In a multivariate logistic regression model of the factors that predicted BRCA testing (Table 3), only attitudes about BRCA testing, income, and BRCA mutation risk predicted BRCA testing. Women with more positive attitudes about BRCA testing had a significantly higher odds of testing ([OR], 1.16; 95% CI: 1.11–1.21; P < 0.001). In addition, women with an income of $70,000 and higher were twice as likely to have testing compared to women with a lower income ([OR], 2.10; 95% CI: 1.16–3.80; P = 0.014). BRCA mutation risk category was associated with testing and women with a high mutation risk were nearly four times likely to have testing compared to low‐risk women ([OR], 3.78; 95% CI: 2.31–6.19; P < 0.001). Education level, comorbidities, insurance type, and trust in provider were not significantly associated with BRCA testing after multivariate adjustment. Healthcare system distrust was not significantly associated with BRCA testing in the univariate or multivariate analyses. The Hosmer–Lemeshow goodness‐of‐fit test indicated that our model fit the data well (P = 0.487). We performed sensitivity analysis excluding the low mutation risk group, and the associations of predictors with BRCA testing were similar (data not shown). Additionally, we performed sensitivity analysis using the BRCA attitudes subscales of benefits, costs, and concerns (Table 3). We found that greater agreement with the benefits of BRCA testing was strongly associated with testing (OR = 2.28; 95% CI: 1.78–2.93; P < 0.001). Greater agreement that BRCA testing was too expensive was associated with significantly lower odds of testing (OR = 0.73; 95% CI: 0.62–0.86; P < 0.001). Cost of BRCA testing was a significant predictor of testing when entered as a continuous variable in the multivariate adjusted model, despite the fact that it did not reach statistical significance in the unadjusted analysis in Table 2, where agreement was dichotomized into only two categories. Concerns that BRCA testing would lead to problems with family, job, or insurance were not significantly associated with testing use. Including the BRCA attitudes subscales rather than the full scale did not meaningfully change the associations of other variables with BRCA testing (data not shown).

Table 3.

Logistic regression model predicting BRCA 1/2 testing adjusted for risk group, insurance type, income, education, comorbidities, BRCA attitude, and physician trust

Variables OR 95% CI P‐value
Predisposing factors
Education
≤High School Ref
College 1.10 0.70–1.73 0.673
Graduate School 1.44 0.77–2.67 0.252
Missing 2.31 0.30–18.03 0.425
Comorbidities
0 Ref
1 0.80 0.52–1.23 0.313
2+ 1.06 0.62–1.81 0.843
BRCA attitudes scale 1.16 1.11–1.21 <0.001
BRCA attitudes scale componentsa
Benefits 2.28 1.78–2.93 <0.001
Costs 0.73 0.62–0.86 <0.001
Concerns 0.85 0.68–1.07 0.166
Trust in provider scale 0.99 0.95–1.03 0.684
Enabling factors
Insurance type
Employer based Ref
Medicaid 0.50 0.23–1.09 0.081
Medicare 0.66 0.35–1.24 0.195
Self‐pay 1.36 0.84–2.19 0.210
Other/Missing 0.66 0.35–1.25 0.202
Income
<30K Ref
30–70K 1.54 0.93–2.53 0.092
>70K 2.10 1.16–3.80 0.014
Missing 0.88 0.37–2.10 0.767
Need factors
BRCA mutation risk categories
Low risk Ref
Moderate risk 1.53 0.93–2.51 0.094
High risk 3.78 2.31–6.19 <0.001
a

Logistic regression model was rerun with BRCA attitude scale components entered into the model, rather than the full scale. Odds ratios for other variables were not meaningfully changed in this model.

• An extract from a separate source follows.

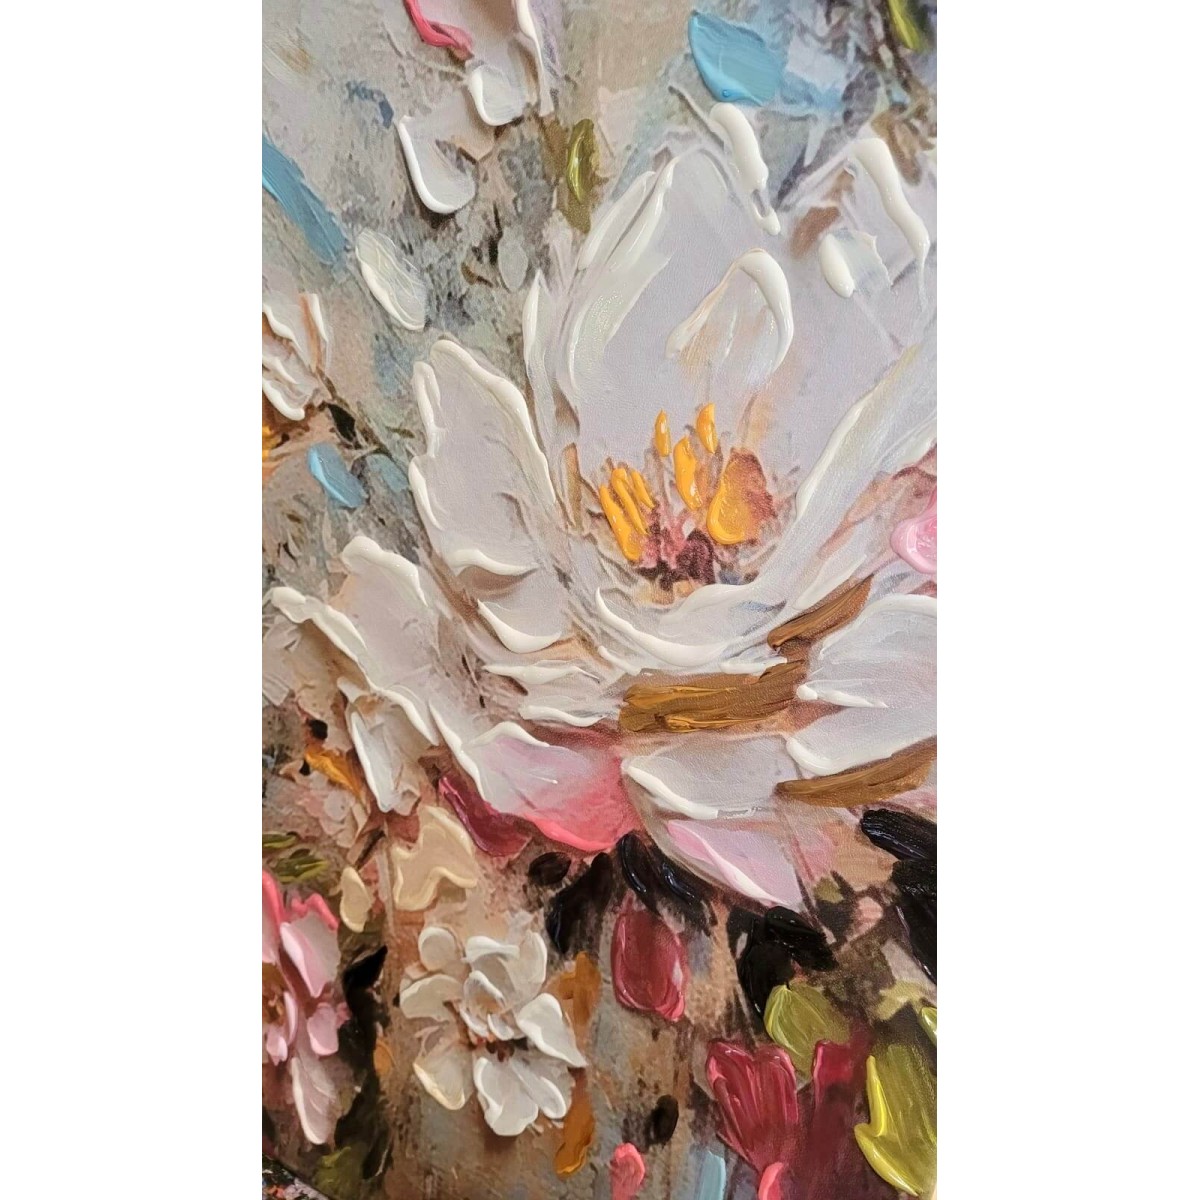 Flowers with Colorful Leaves III 3d Heavy Textured Partial Oil Painting
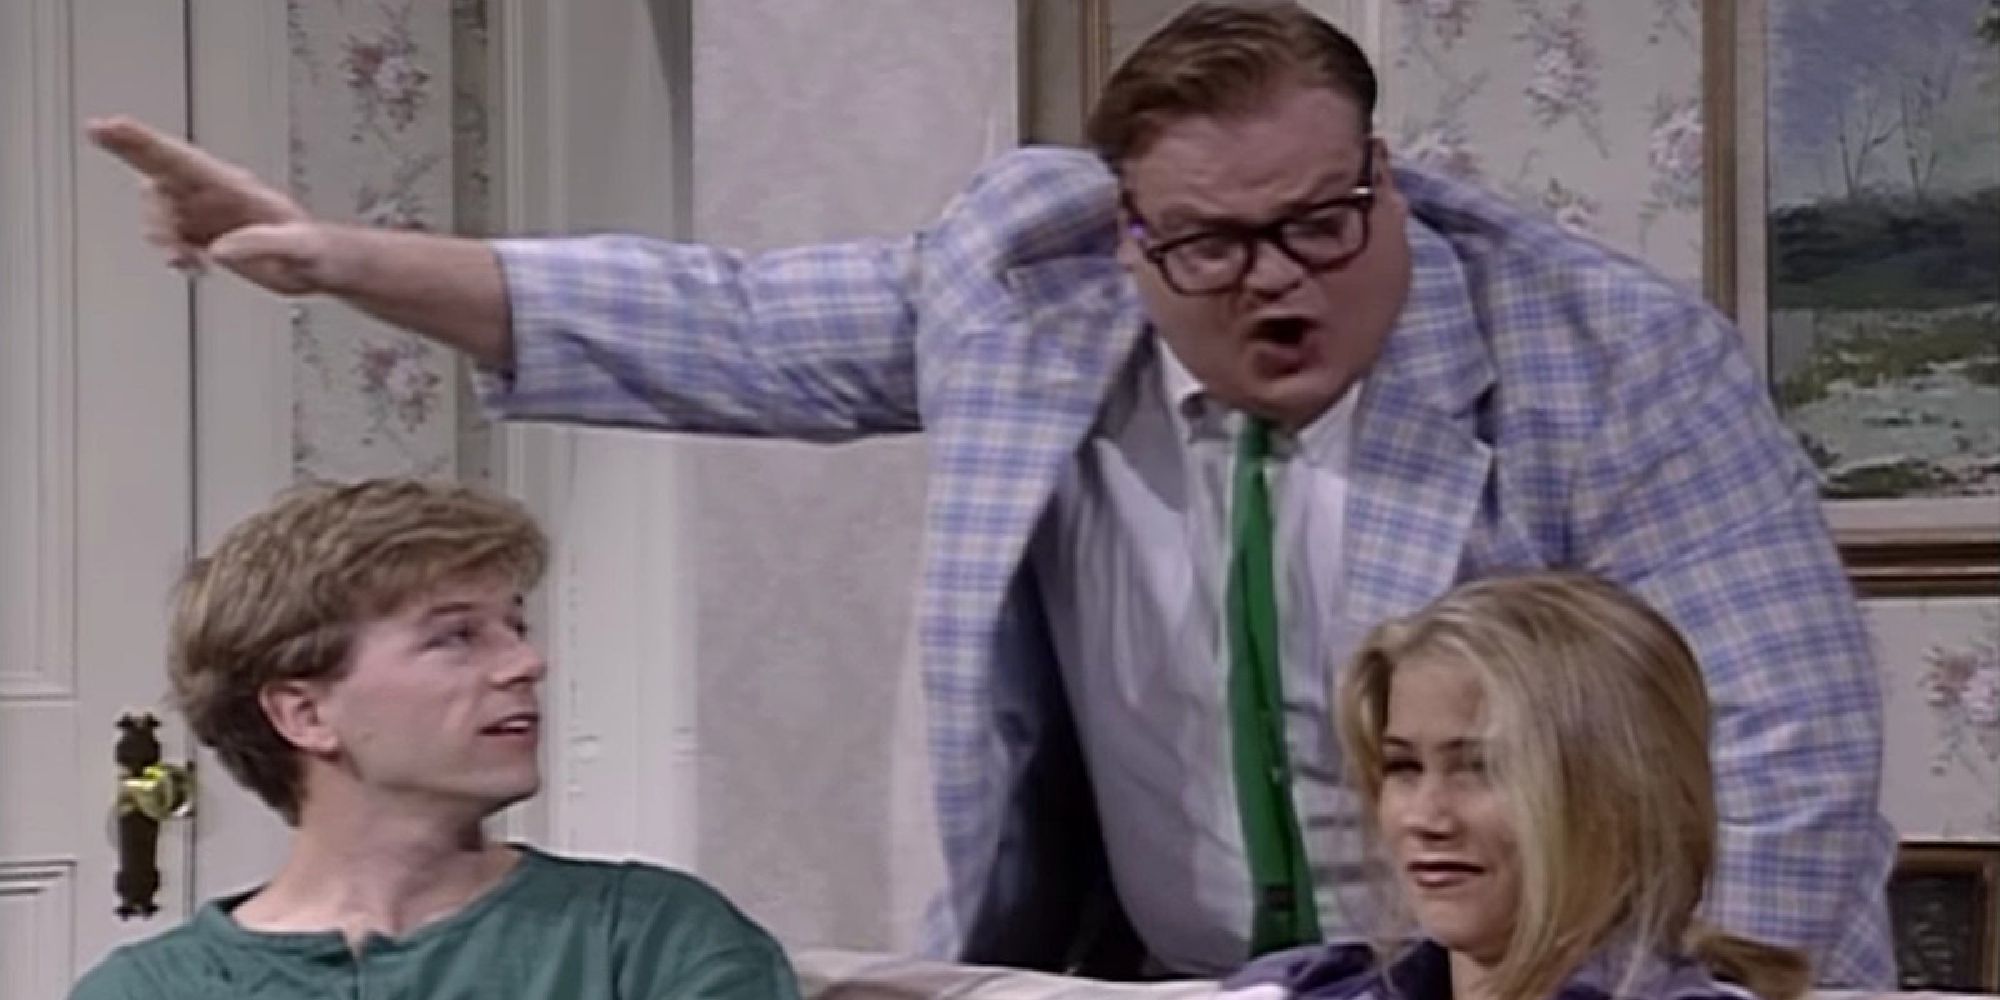 Matt Foley yelling at two teenagers played by David Spade and Christina Applegate

Boldface indicates statistical significance (p<.05 and p<0.01).

Discussion

This study is, to the best of our knowledge, the largest population‐based study that comprehensively examined predictors of BRCA1/2 genetic testing among Black women with breast cancer. Our study found that few (27%) Black women with breast cancer reported having BRCA testing. For participants who reported not having BRCA testing, 22% had a high mutation risk but did not receive genetic testing suggesting an unmet need. These findings indicate a critical need for healthcare providers to assess mutation probability of women with breast cancer and order genetic counseling and testing when appropriate. There is an urgent need for a greater number of Black women to receive genetic testing as they suffer disproportionately from breast cancer and experience higher rates of variants of unknown significance (VUS) compared to Caucasian populations 38.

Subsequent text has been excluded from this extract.